Thursday, December 20, 2012

Batman Forever: So that happened.




There's a hilarious moment in David Mamet's film State and Main, when Alec Baldwin crashes a car in which he's driving with an underage girl he's hoping to seduce. After the crash, he staggers out, approaches a pair of eyewitnesses, and deadpans, "So that happened."

That's approximately how I feel about watching the movie Batman Forever. Warner Brothers, apparently wondering how they'd managed to let anything as gleefully transgressive as Batman Returns into theatres, turned over the reins to the franchise to the flamboyant Joel Schumacher in the late '90s, and Batman became silly all over again. Robin comes into the picture, the production design gets slathered with tacky bright colors and neon lighting, Jim Carrey does his rubber-face schtick, and Val Kilmer rather glumly stumbles through the whole endeavor without much of a clue what he's doing. It's a wreck, though compared to its successor in the series, Batman and Robin, it's a bloody masterpiece. There's not much you can say after it's over besides . . . "So that happened."

Enter Elliot

Meanwhile, Elliot Goldenthal stepped in to replace Danny Elfman and gave the film's score probably more panache and creativity than the film really deserved. Goldenthal, throughout the score to Batman Forever, maintains much of Danny Elfman's Gothic and carnival-like sensibilities, and tosses in an extra dimension of slightly warped film noir to the mix, with frantically wailing trumpets, swinging rhythms, and sultry saxophones.

Of course, Goldenthal can't help tossing in some more of his avant-garde tendencies as well. He's an immensely intelligent and well-educated composer, and if there's one fault that many of his scores share, it's a tendency to be a bit too clever.

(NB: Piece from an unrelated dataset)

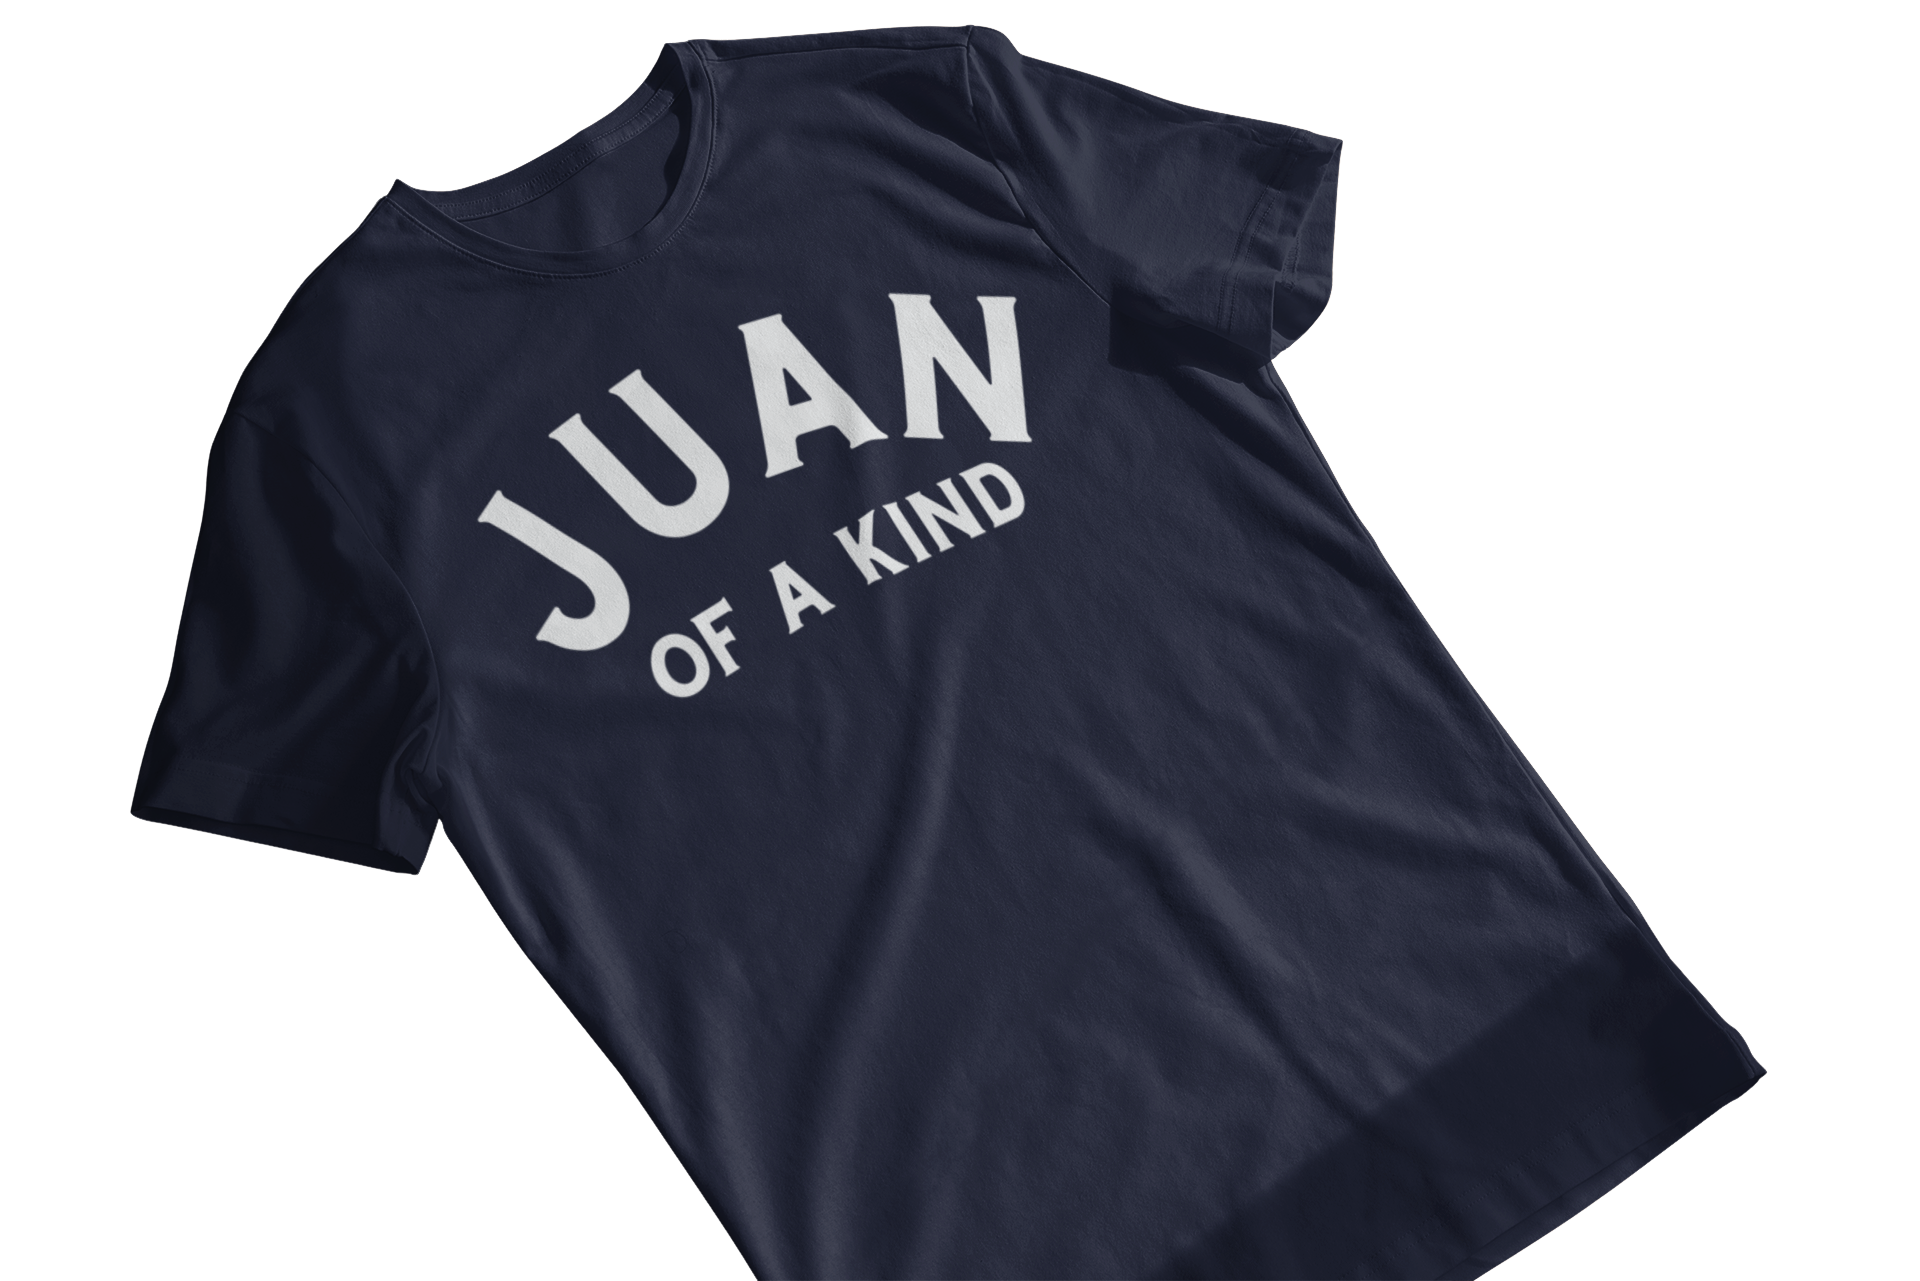 Juan Of A Kind Men's T-Shirt

For instance, in the off-kilter mini-suite of themes called "Nygma Variations" (Track 6), Goldenthal crams in references not only to his predecessor's carnival style -- a near-perfect rendition of an Elfman-like passage at about the one-minute mark -- but also to some wacky dissonant jazz, and passages reminiscent of John Corigliano, Stravinsky (direct quotes of The Rite of Spring starting around 4:45), Philip Glass, and Bernard Herrmann. There's plenty of mixed-up instrumentation, too - everything from traditional instruments to a Hammond organ, synthesizers, and if I'm not very much mistaken, both a theremin and and Ondes Martenot. And that's all in the space of six minutes! He repeats this trick in "Mr. E's Dance Card" (Track 13), a wild dance which lurches between a louche bossa nova, an unhinged polka, a delicate waltz, and a tango. Other passages in the score seem to owe at least a spiritual debt to Jerry Goldsmith and the Gustavs Holst and Mahler.

A mesmerizing mess

As for Batman's primary musical identity, Goldenthal goes with something that's structurally and melodically similar, but far more complex, than Elfman's main theme. Whereas Elfman's Bat-motif has just six notes, Goldenthal's "Fledermausmarsch" seems to have at least twice as many, combined with a jauntier rhythm and a wide variety of flourishes from every part of the orchestra. As messy as Schumacher's film is, Goldenthal seems to have been let loose to indulge similarly messy impulses, letting his musical imagination run wild over a blacklight-washed canvas of campy, pseudo-Gothic comic book adventure.

Ultimately, the Batman Forever score seems thoroughly stuffed with musical ideas, perhaps more than any single film score can bear. Of course, when one is trying to compete with Tommy Lee Jones and Jim Carrey chewing garish scenery for two hours, one might feel the need to throw as much at the screen as possible, just to get a note in edgewise. It's fun, in a disjointed and frenetic sort of way. That's about all I have to say about it - except that it's better by far, in terms of sheer musical quality, than anything Hans Zimmer turned in for the Christopher Nolan Batman franchise.

Speaking of my old pal Hans, I saw a trailer for the new Zack Snyder Superman movie Man of Steel last weekend. It looked far more impressive than I expected it to be, but then I saw the credit flash by: "Music by Hans Zimmer." My stomach sank. If the music for the trailer is any indication, he's not reaching too deeply into his bag of tricks, either. If Zimmer wasn't right to follow Danny Elfman's lead for the Batman character, he's not worthy to hold John Williams' baton for the Superman character. As a film composer, John Williams is like a sommelier, carefully matching a wine to the meal in ways that will enhance its flavor in a perfect balance, but will knock your socks off by itself, too. Zimmer, by comparison, merely shows up with a case of Bud Light every time. He's thoroughly incapable of coming up with anything as stirring and iconic (or as instantly recognizable) as Williams' Superman theme, and the film will be poorer for it, I think. I hope I'm wrong.